“The Time Has Come” Opens Tonight at the Kada Gallery
Well, today I’m off to Erie, PA for the opening of my show, The Time Has Come at the Kada Gallery. I’m always a little nervous on the day of a show, worrying that the work won’t strike a chord. But at the same time I’m looking forward to meeting the people who have watched my work over the years, to get their feedback on what they see in the work and to give them a little more information on the why’s and how’s of what I do. I have really enjoyed meeting the many different people who have approached me at shows over the years and feel very privileged to hear their stories. The feedback from these shows give me a lot to think about when I’m isolated in the studio. They encourage and inspire me on the days when nothing seems to be working and they give me a lot of reassurance in the knowledge that there are people out there who have connected with the work. When you spend as much time alone as I do, it’s nice to know there are eyes out there who know and accept your work.
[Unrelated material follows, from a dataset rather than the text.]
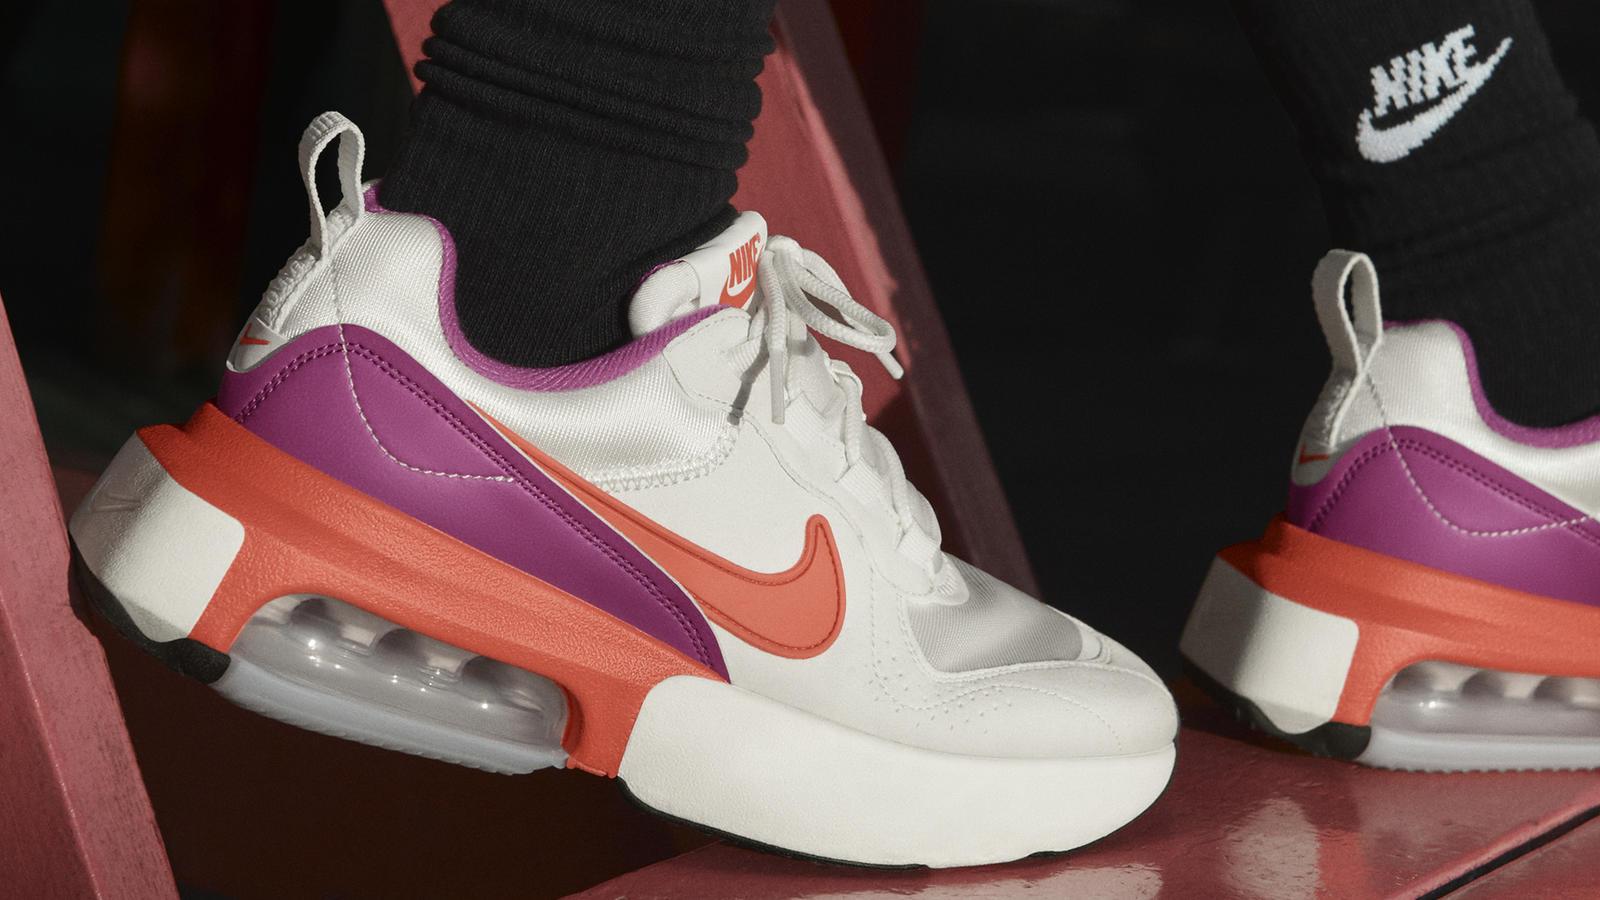 Nike Air Max Verona Summer 2020 7

At these exhibitions, I feel I have a certain responsibility to the people who attend. I’m always honored that someone has taken time from their busy life to come out to see my paintings and talk for a few minutes and feel they deserve my full attention. I often fret after a show that I didn’t get to spend enough time with certain folks or that I came off in a way I had not intended. What I mean by that is that the art that takes on any importance in someone’s life does so because of what they see of themselves in the work. This creates a unity with the work and is often quite a strong bond. Now, if I, who have created this work, am glib or dismissive or inattentive and rude the meaning of the work changes to that person. I may not be explaining this well but I know this to be true. It happened to me when I was a 17 years old aspiring writer and went to a talk with a world-renowned author at a local college. I listened intently and afterwards went to a reception, eager to get some advice on the career I desired. He was rude, dismissive and half drunk. I left and to this day have never read another word by the man. Everything I saw in his work bcame worthless.
So that is always in my mind at these events. To me, it’s a rare and miraculous thing to have someone connect with my work and to that end I try to be as open, honest, and available as possible to the folks who take the time to come out to a show.